What do you all think?

The face is just plywood as it is, which would not look too great finished in all one color/method.

BTW:: The radio pictured is not mine.. Mine looks much… much worse.. 

Here's the data page for the radio.. It's not a grand model, or anything rare.. I just thought it'd be fun to play with and give me more experience before I started hacking apart the wiring in my RCA 811K floor radio which I'm also working on.

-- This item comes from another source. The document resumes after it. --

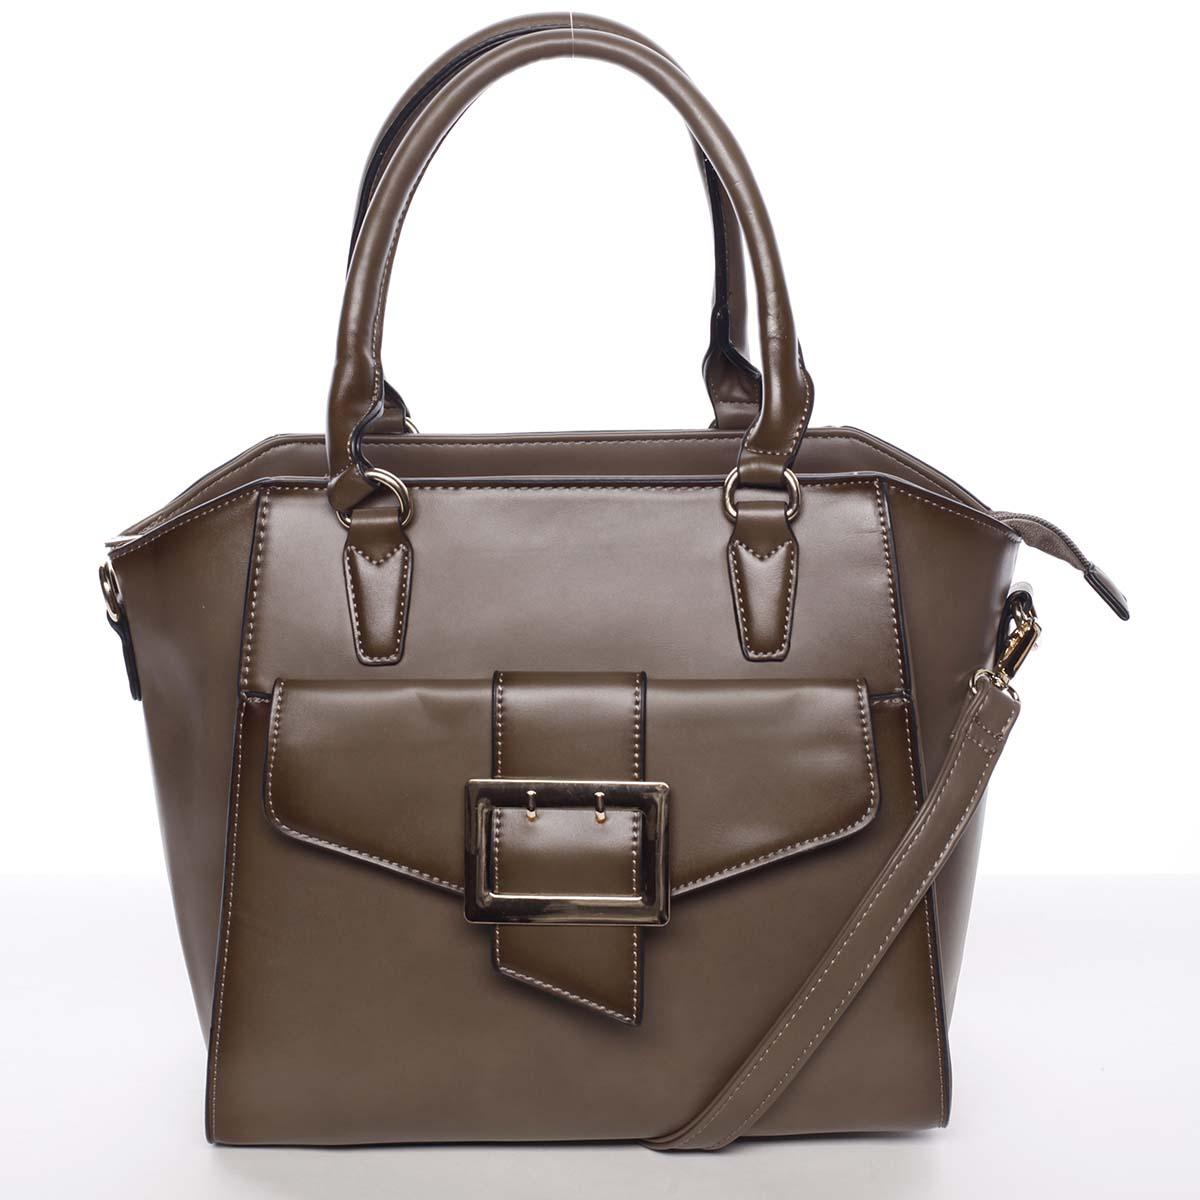 Luxusní dámská khaki kabelka přes rameno - MARIA C Thia

http://www.radiomuseum.org/r/philco_37_38.html


----------



## DarkWolf (Feb 26, 2008)

No ideas at all?


----------



## willy3486 (Feb 5, 2009)

My comments are based from restoring these not woodworking. I am still a novice in that area. First on the cabinet. If there is any way to leave it as is most prefer that. It leaves the patina,wear,etc. I usually would just judge how it is and go from there. The one above would be borderline. As far as getting the look to match original here is my suggestions. If the finish is bad and it needs the original finished removed before you do that take pictures from all angles of the finish. That way you have something to go back to, the beauty of digital cameras. Also with the guts out lay a piece of paper on it and trace the outline and take measurements of the cabinet. If you have access to a copier or scanner, scan the front. Then print it out to the exact size even if it takes 2-3 pages taped together. That way you have a exact pattern. Once this is done then remove the finish. Then find a scrap piece of plywood that matches the grain of the face without the original finish. Then just expirement on the scrap plywood. when you get a stain like the lines on the radio then write down what it is. Then if the rest of the radio had the fake grain look to it just do a search on the web for fake wood grain. There is a few articles out there that explains how to do it. And like you said I think one method is using a sponge. You may be able to get the lines on there by taping with masking tape, but test on the scrap first to make sure the stain and tape do not have any adverse effects on the wood. My guess is you can use a dark stain on the lines then do the fake woodgrain on the rest. I have a old seeburg jukebox I need to do this to myself. Hope that helps.


----------



## Kindlingmaker (Sep 29, 2008)

At the cost of the orginal finish, veneer it!


----------



## SCOTSMAN (Aug 1, 2008)

look at Stewarts job he did recently on just such a worn out piece he did a fantastic job of restortion I am sure his is the man to help you.Alistair


----------



## DarkWolf (Feb 26, 2008)

There's nothing left of the original finish.. THIS one is mine.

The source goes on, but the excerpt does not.